From the early days of photography until the second half of the twentieth century, most photographs captured of Afghanistan and its people were taken by the British, Indians or other western travellers. The photographs captured either the stunning beauty of the landscape or where portraits of the ‘noble savage’ - local tribes people in exotic attires and studio settings, often performing their customs and rituals. In the last thirty years, however, circumstances in Afghanistan have produced a cache of memorable images that encapsulate a life of Afghan people amidst war and conflict. Unlike the old and present narratives told of Afghanistan, the story of the Kabuliwala is distinct in nature. It is neither about the exotic ‘other’ and nor about the war or its impact. It is a story of a community in a distant land and not of a nation and its people. We, therefore, felt that the story deserved to be told in its own territory and space.
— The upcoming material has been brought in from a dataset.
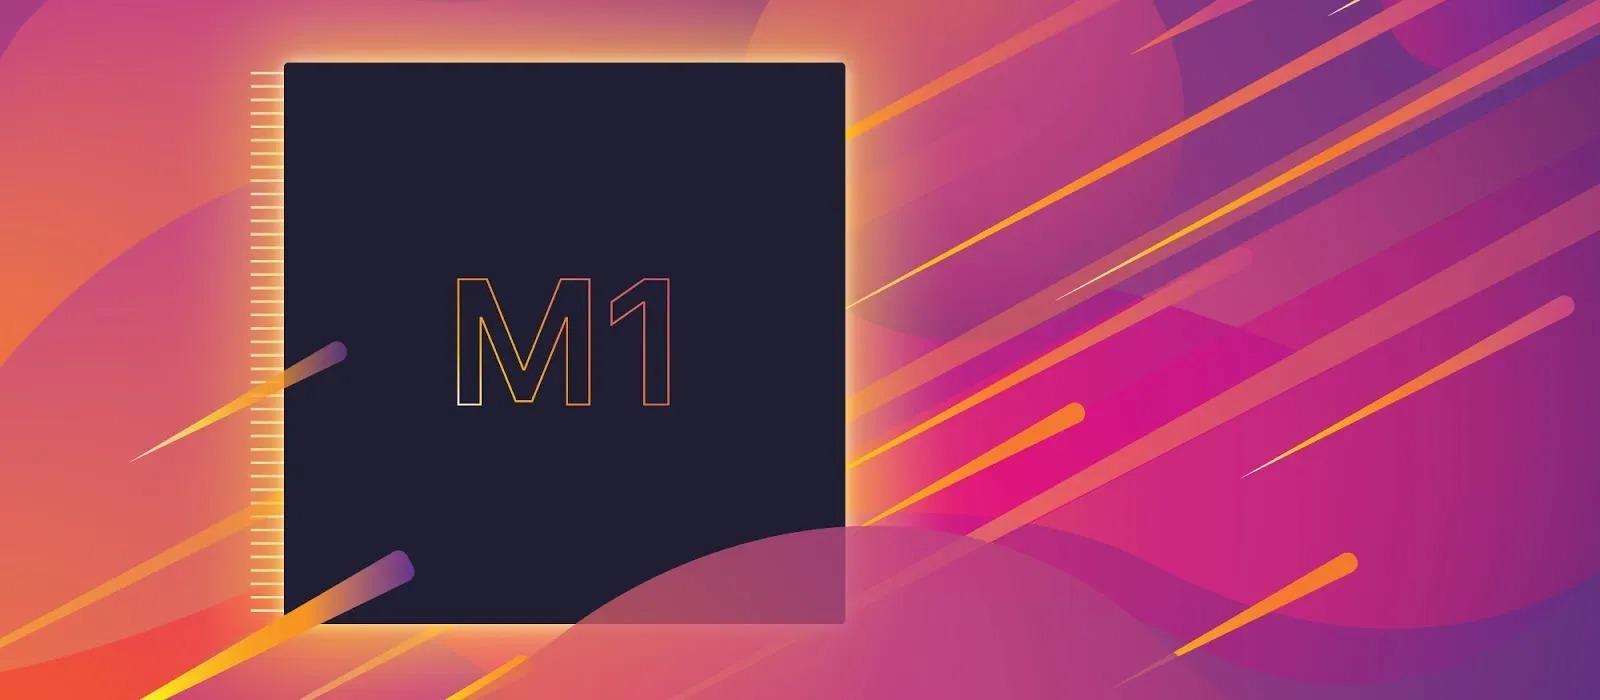 Adobe m1 apps

Photo: Kabuliwalas dancing to the Attan, a traditional dance said to be one of the oldest forms of Pashtun pagan dance. Usually performed with a double-headed barrel drum, the dance is performed during festivities and cultural celebrations. Dancers form a circular path and move to the rhythm of the beat with the routine getting faster. The Attan is also the national dance of Afghanistan.

21 century Kabuliwala


While researching the community in Kolkata we realised that it is possibly one of the oldest settled Afghan community in the Sub-continent in modern times. It is likely they started coming to Kolkata from the middle of the nineteenth century and the connection never severed. By the end of the century, these Kabuliwalas became an integral part of the city, perhaps a reason why Rabindranath Tagore could pen the story in 1892.


The early Kabuliwalas’ business ventures were mostly hawking dry fruit and asafoetida grown in Afghanistan and selling warm shawls. They would visit middle class Bengali neighbourhoods selling their merchandise that they brought in Afghanistan. This continued until the 1970s after which political instability and war in Afghanistan disrupted their usual trades. Also the large joint family system in Kolkata started to change around the same time with the advent of apartments. The Kabuliwalas, thus, disappeared from the views of the city until our project created interest in them.
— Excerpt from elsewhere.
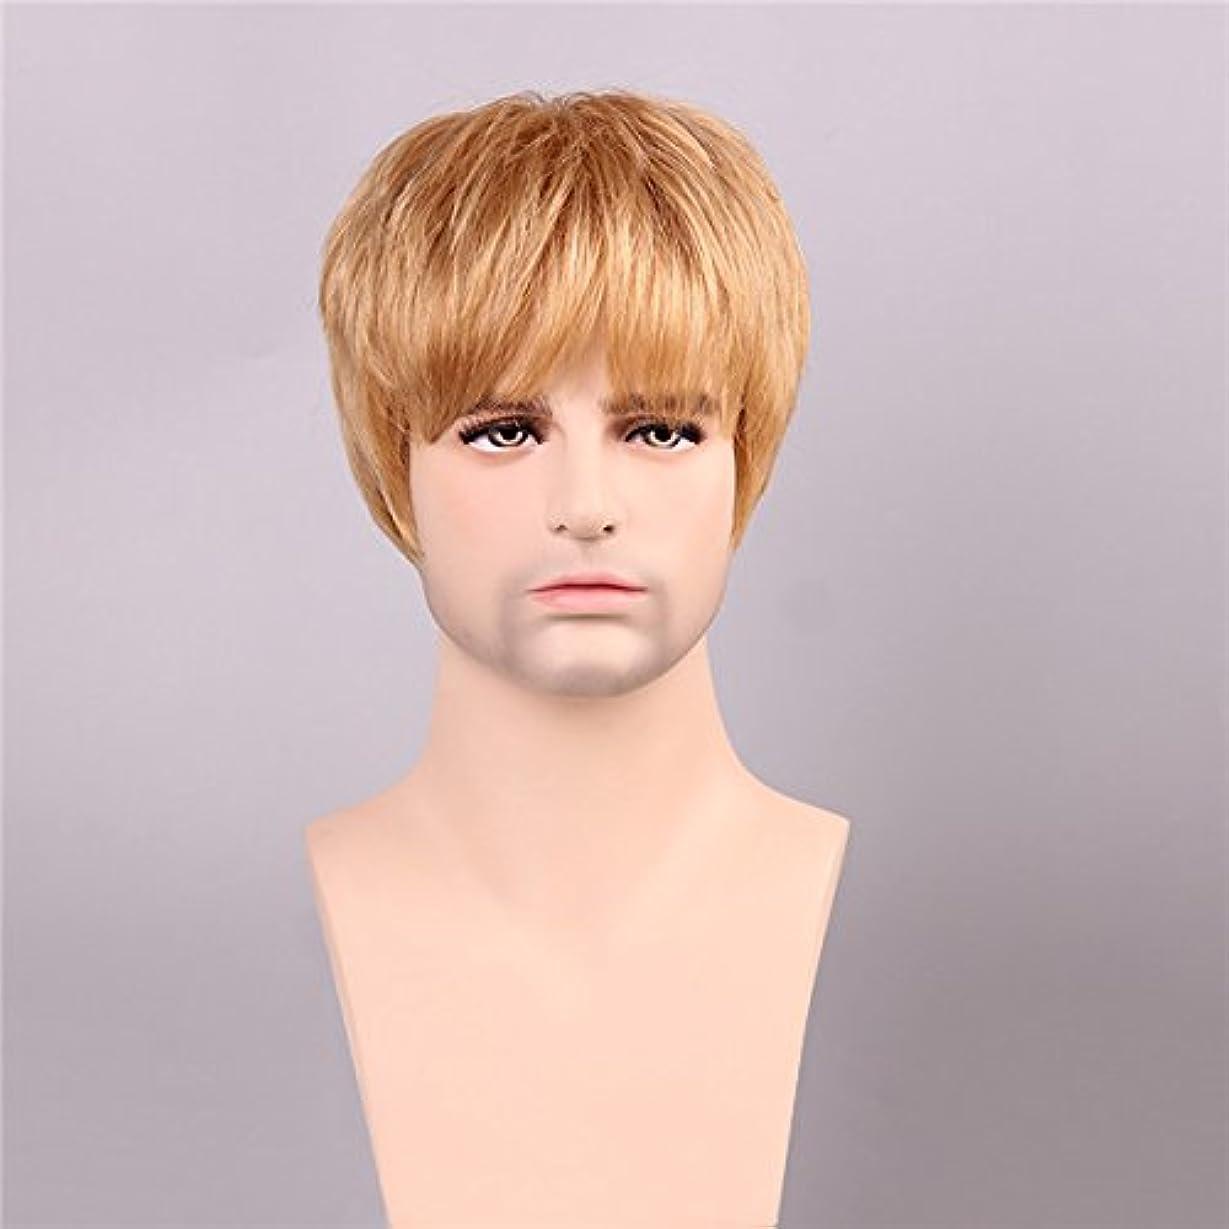 言い訳花弁満員YZUEYT 男性の人間の髪のウィッグゴールデンブラウンブロンドショートモノラルトップ男性男性レミーCapless YZUEYT (Size : One size)

Although the Kabuliwalas consider Kolkata their ‘real home’ because it has provided them with shelter and livelihood, many often talk about visiting Afghanistan, their distant and often imagined home. They cling onto mementos that had been passed on from earlier generations. Stuck in a vacuum of space between these two worlds, the Kabuliwalas of Kolkata are as Afghan as Indian. For the Bengalis, though, the men with piercing eyes and rugged face will always remain Mini’s Kabuliwala.

In the midst of longing and belonging, they carry on with their daily lives, filled with tensions between dreams and realities - of merging, exclusion and exile - until they are finally laid to rest in Kolkata, their ‘real home’.